Suspect Arrested Nearly 30 Years After Teen Dancer Strangled Outside High School

Sarah Yarborough was 16 when she was last seen alive in 1991.
King County Sheriff's Office

Sarah Yarborough was last seen alive in 1991 at her high school before a drill competition.

A decades-old cold case may be heating back up with the arrest of a man nearly 30 years after a teen dancer was found strangled outside her Washington high school.

Sarah Yarborough was last seen alive early on Dec. 14 1991. The 16-year-old was at Federal Way High School with her drill team for a competition. But by 9 a.m. that morning, two boys saw a man leave a bushy area near the school and then noticed Sarah's body, still in her drill uniform.

Police determined she had been strangled with her stockings. But despite plenty of DNA evidence, a suspect could not be tracked down. Until now.

Officials working on the case were able to use DNA and genetic genealogy to zero in on a certain pair of brothers. One brother had previously been convicted and had his DNA entered into the national database. If his DNA hadn't matched Sarah's case before, he wouldn't be the suspect police were still looking for.

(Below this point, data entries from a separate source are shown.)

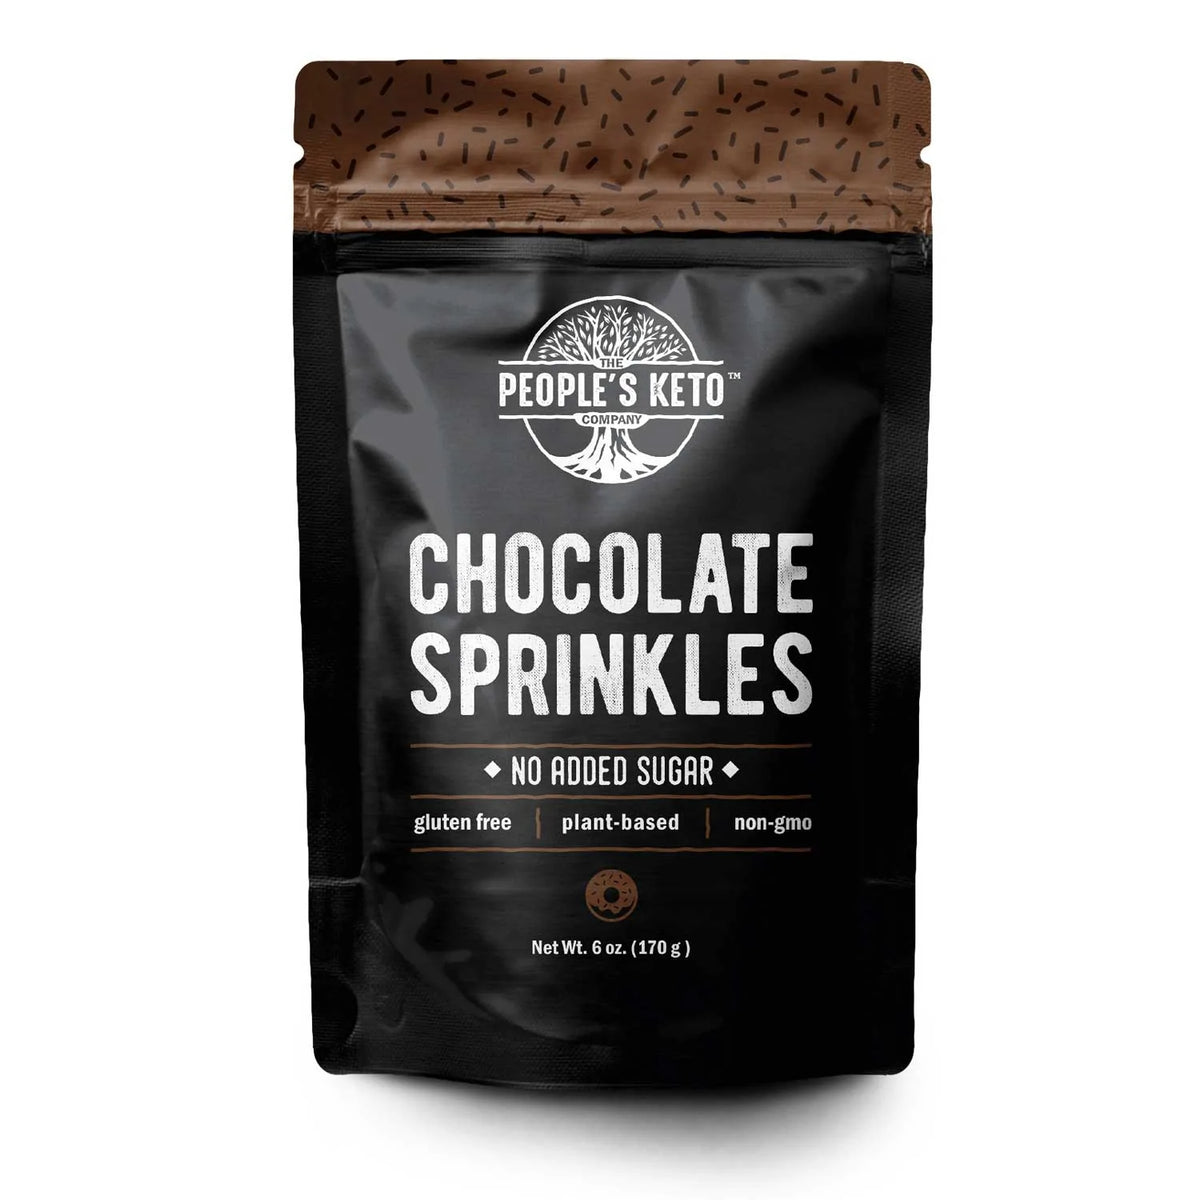 The People's Keto Company - Chocolate Sprinkles - 170g
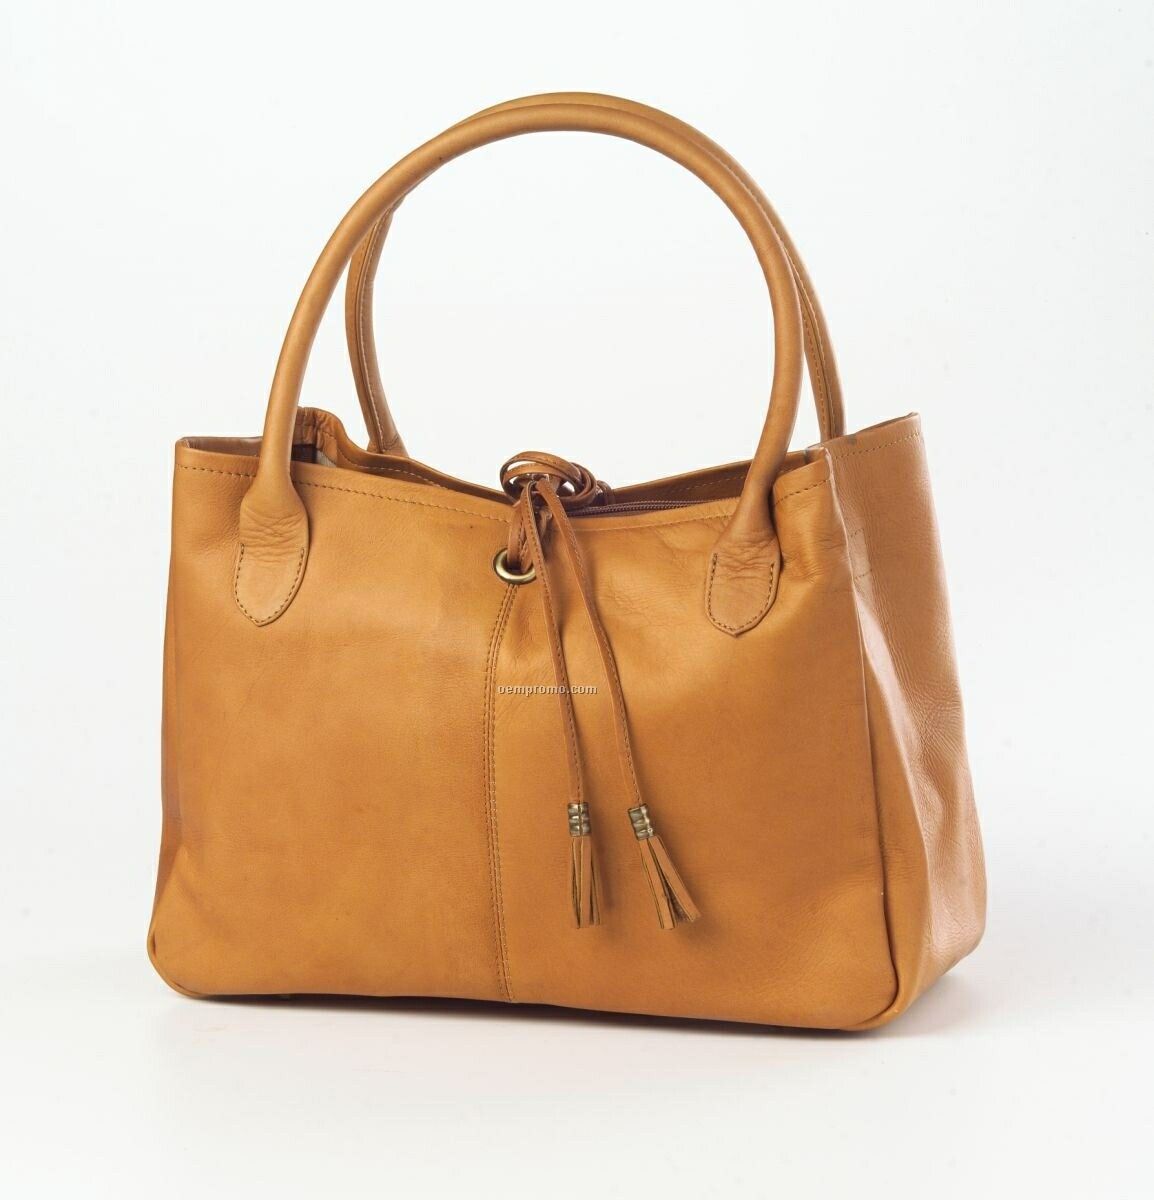 Tassel Handbag - Vachetta Leather
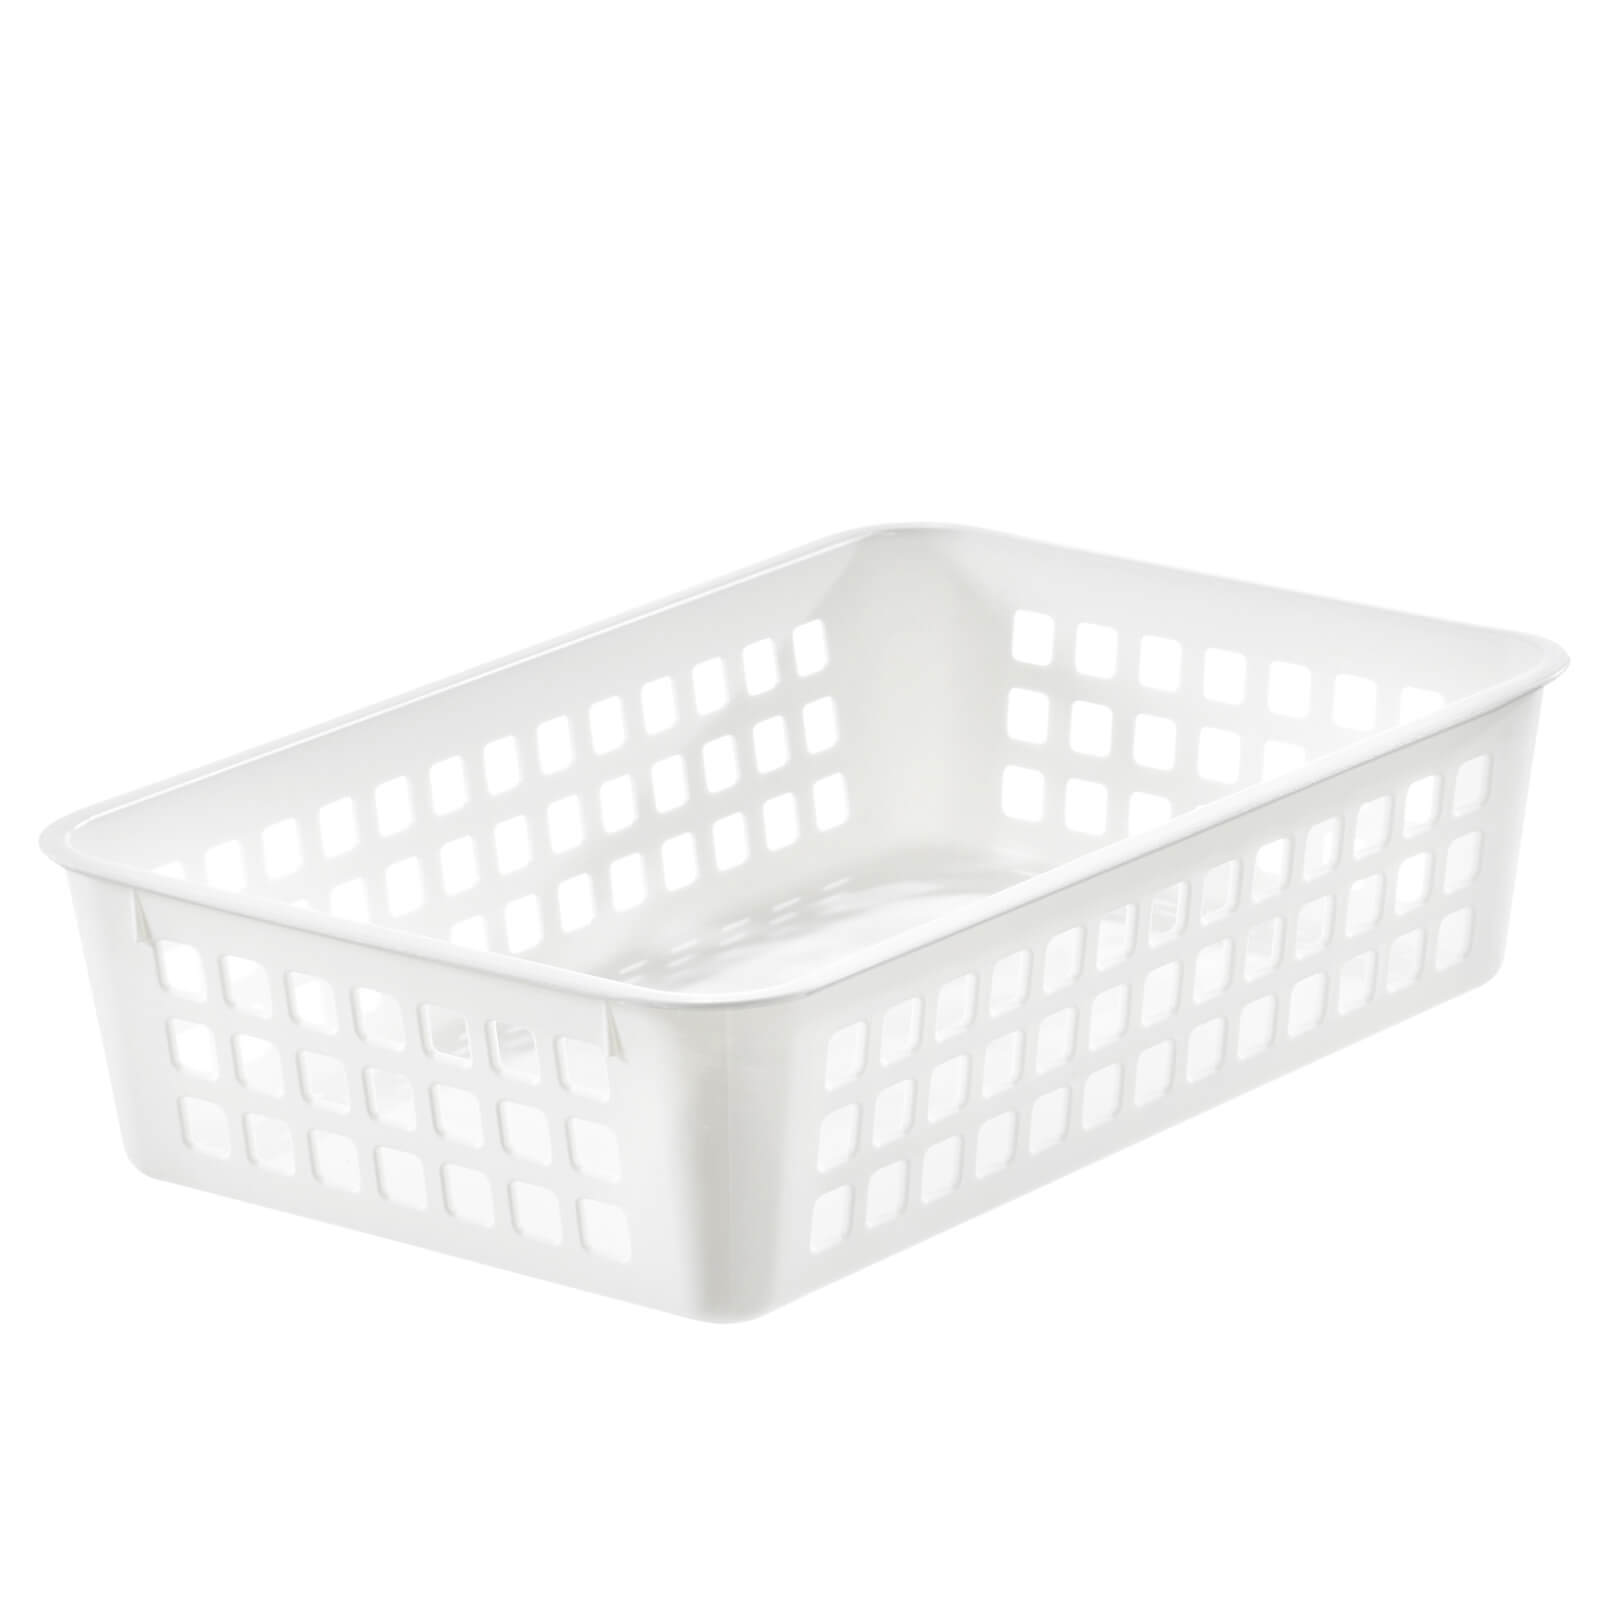 Photo of Smartstore 2l Wardrobe Basket - White

So officials looked at the second brother, who had served time for an attempted rape in 1983 but never had his DNA put in the national database. When his DNA was compared to the evidence from Sarah's death, it was a match.

“Although Sarah’s mother lost hope from time to time, our detectives never did,” King County Sheriff Mitzi Johnknecht said in a Facebook post. “They followed every lead (4,000 tips), turned every corner on the trail and patiently waited until DNA technology and genealogy tracing were advanced enough to make a critical connection than led to a DNA match.”

Patrick Nicholas, 55, was arrested Wednesday on first-degree murder. He does not yet have a defense attorney, ABC News reported, and his arraignment is set for Oct. 17.

Sarah's mom, Laura Yarborough, thanked detectives for continuing to see justice for her daughter.

"If you're going to do something heinous, don't do it here. Because they'll come to get you," Yarborough said.